Resist building software. There's so many tools available already! Stitch them together, test hypotheses, and iterate quickly to reach the results you want. Software build-outs can be delayed until you have more certainty.
Take the time to do retros. It is very easy for founders to default to action, and action feels good. But you must take the time once in a while to look into what you've done and do a retrospective of how things are going. We will write more about thinking vs doing in upcoming newsletters.
Did we meet our expectations?
When we started in January we had an ambitious revenue and employee placement target (18 employees, $40k in monthly recurrent revenue). We exceeded the number of employees placed, but fell short of the MRR. However:
At $34k MRR we are well on track to reach ramen profitability ($70k of MRR).

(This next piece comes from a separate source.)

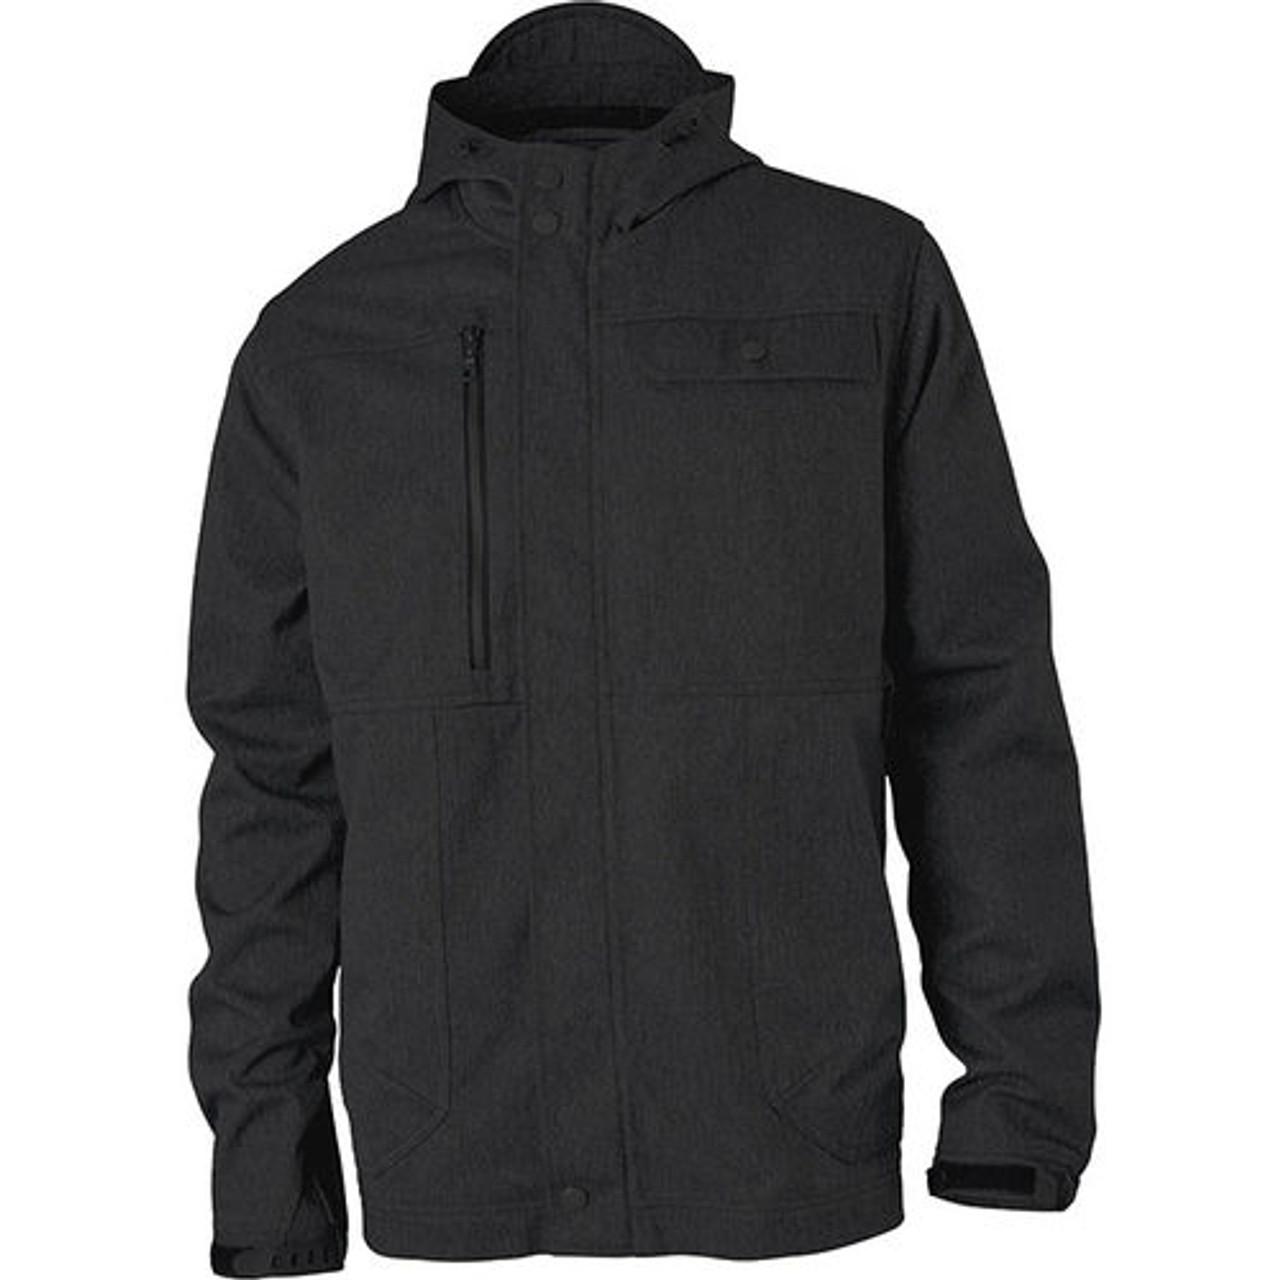 BLACKHAWK DERECHO JACKET, Waterproof, 4 multi-purpose document and gear storage pockets, adjustable 4-piece hood, JK05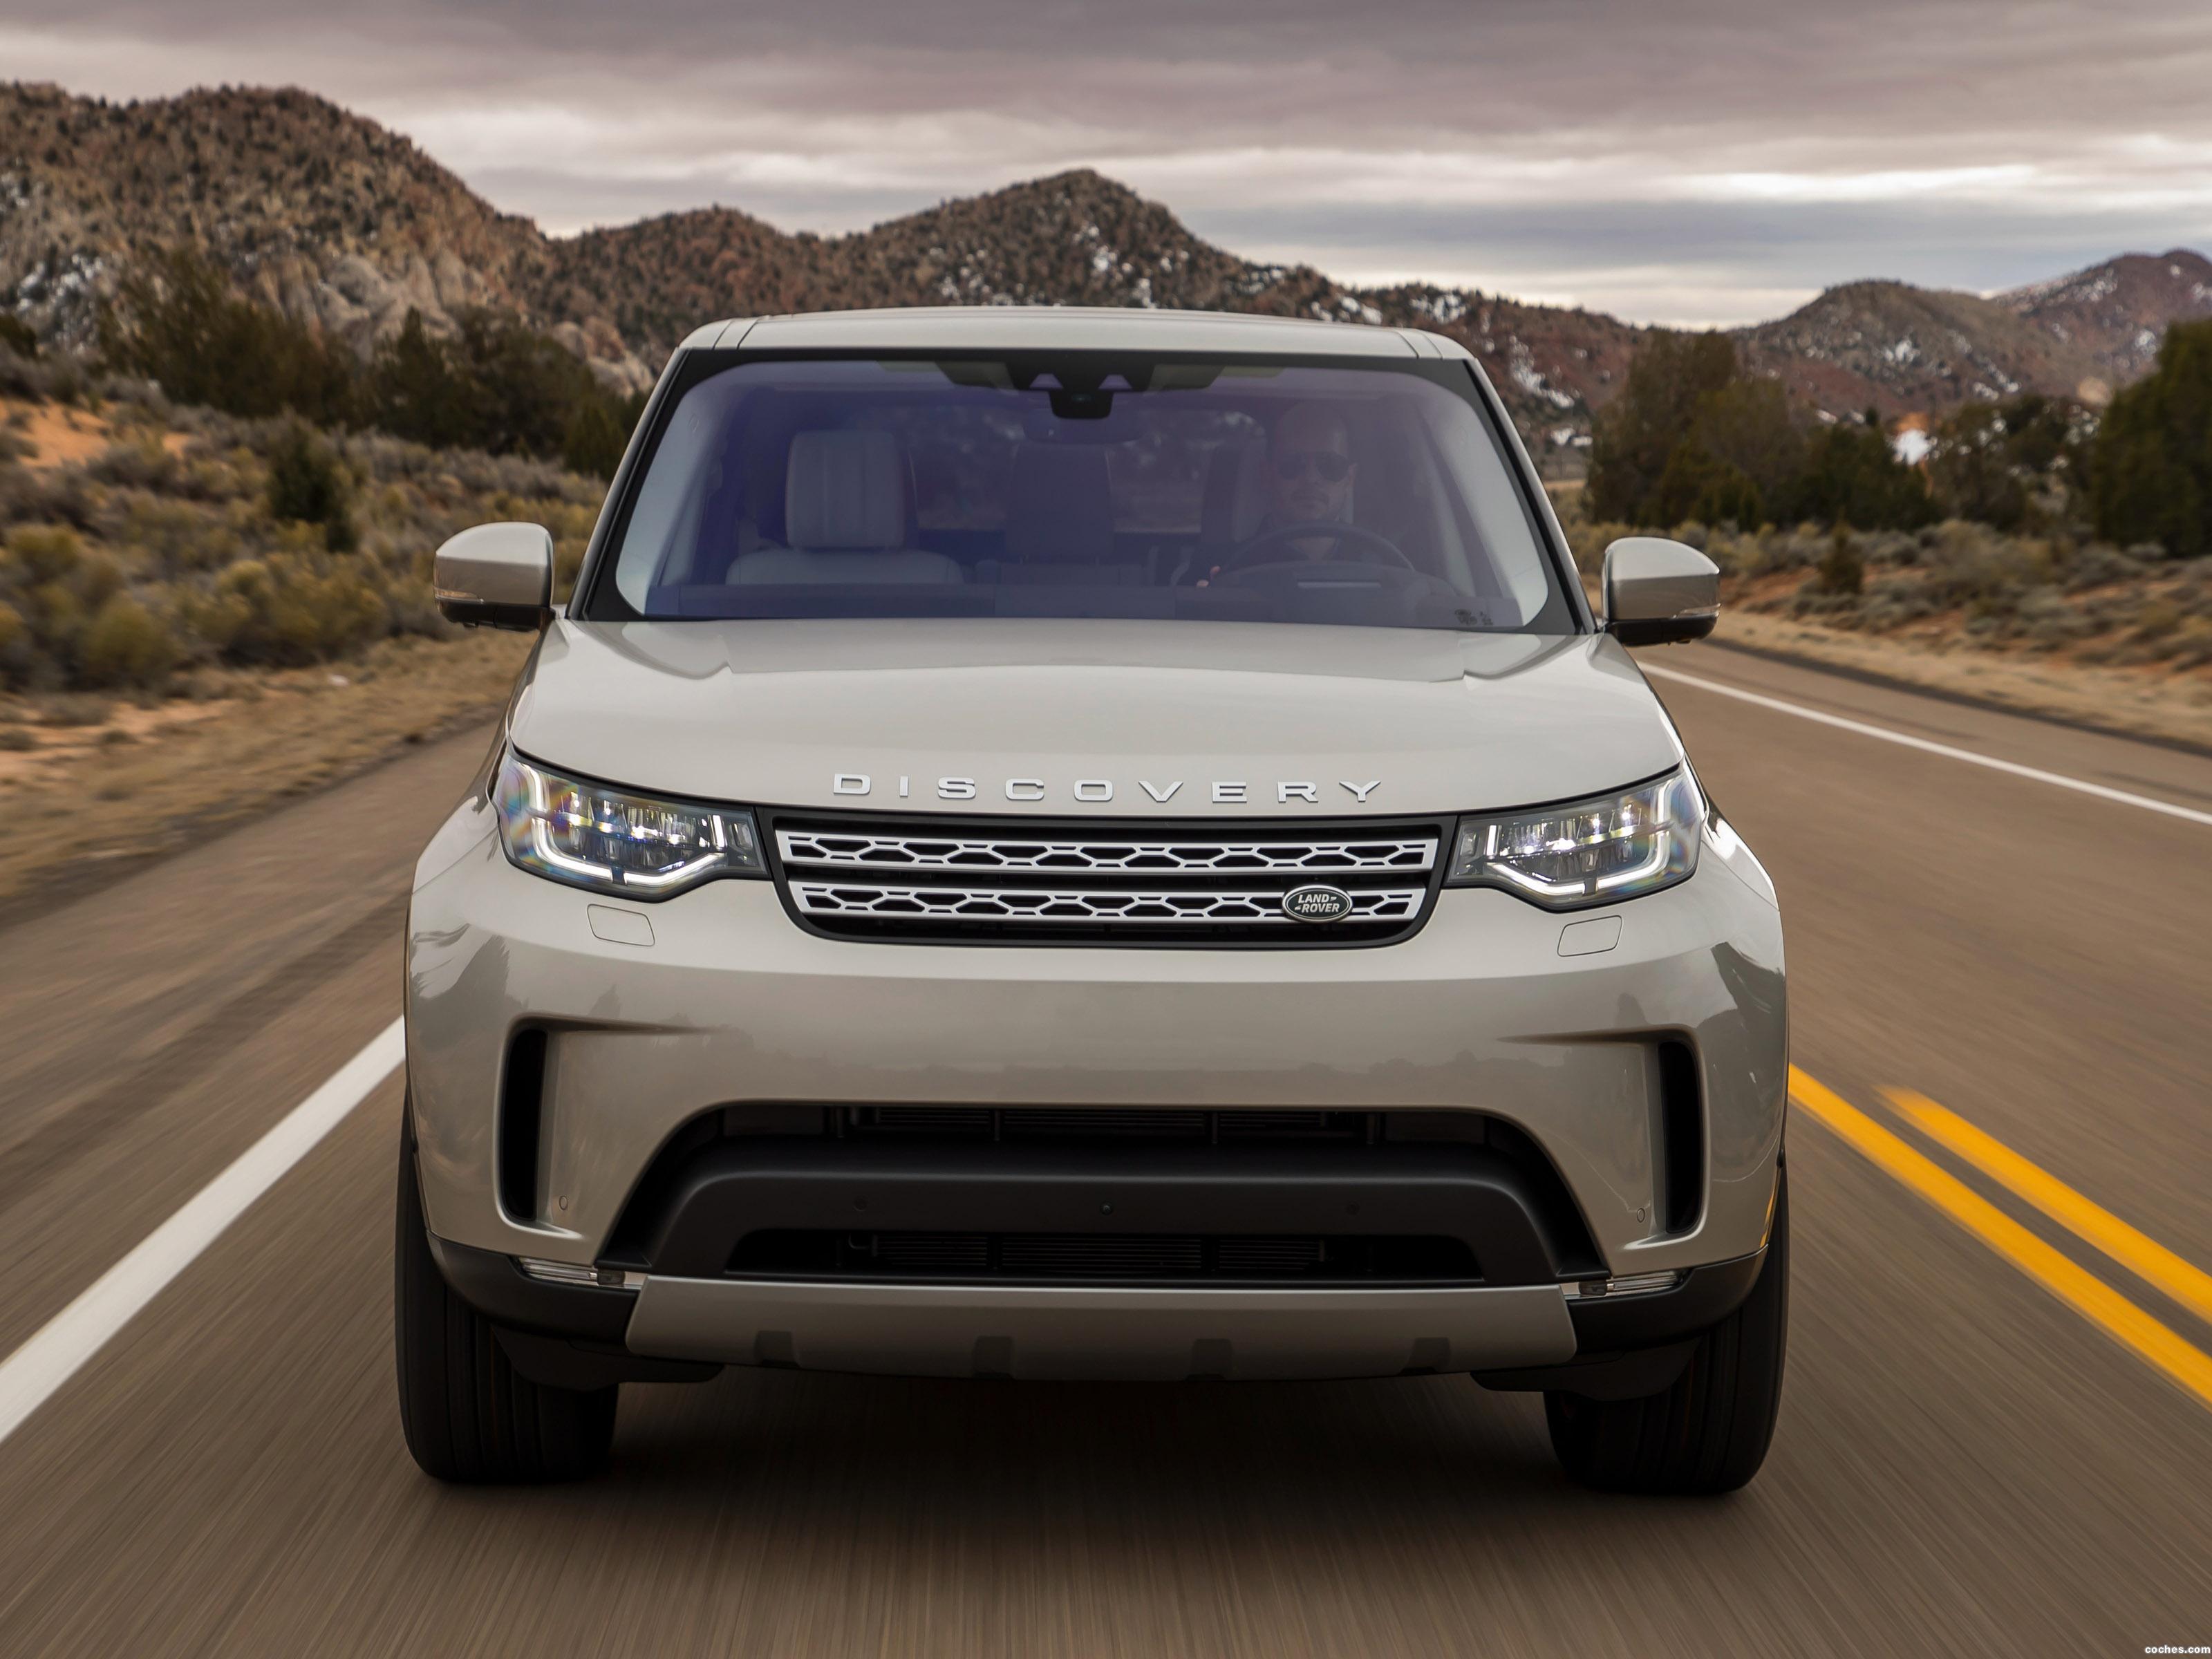 Foto 20 de Land Rover Discovery HSE 2017

The world was thrown up for a spin in March, and has not fully recovered. In April we were very uncertain about what we would be able to accomplish. Fast forward to today: we're happy and proud of the work done.
We have a service our customers love: 4 of our 7 customers have referred us to another potential customer. This is not an NPS answer, they've actually referred us to another prospective customer. What was even more surprising: 2 prospective customers referred us to other prospective customers!
What's next?
We hope this next year will be our break-out year, were we hope to accomplish four main things:
Reach profitability. We hope to exit our second year at $167k of MRR (5x) and 120 employees (4x) placed.
Identify compounding loops on both demand and supply of the marketplace.
Take meaningful steps towards improving our focus on customer and developer happiness.
Build a repetitive building block for expanding significantly in year 3.
Anything else you want to know about our first year? Requests for these next 12 months? Hit up the comments section below!
Esto es oro, gracias por compartir los aprendizajes!
CONGRATS!
Did you look for the seed round or did it come by itself? Could you tell more about that round? What was the profile of the investor? The fact that this was your 2nd company had weight on the investor's decision?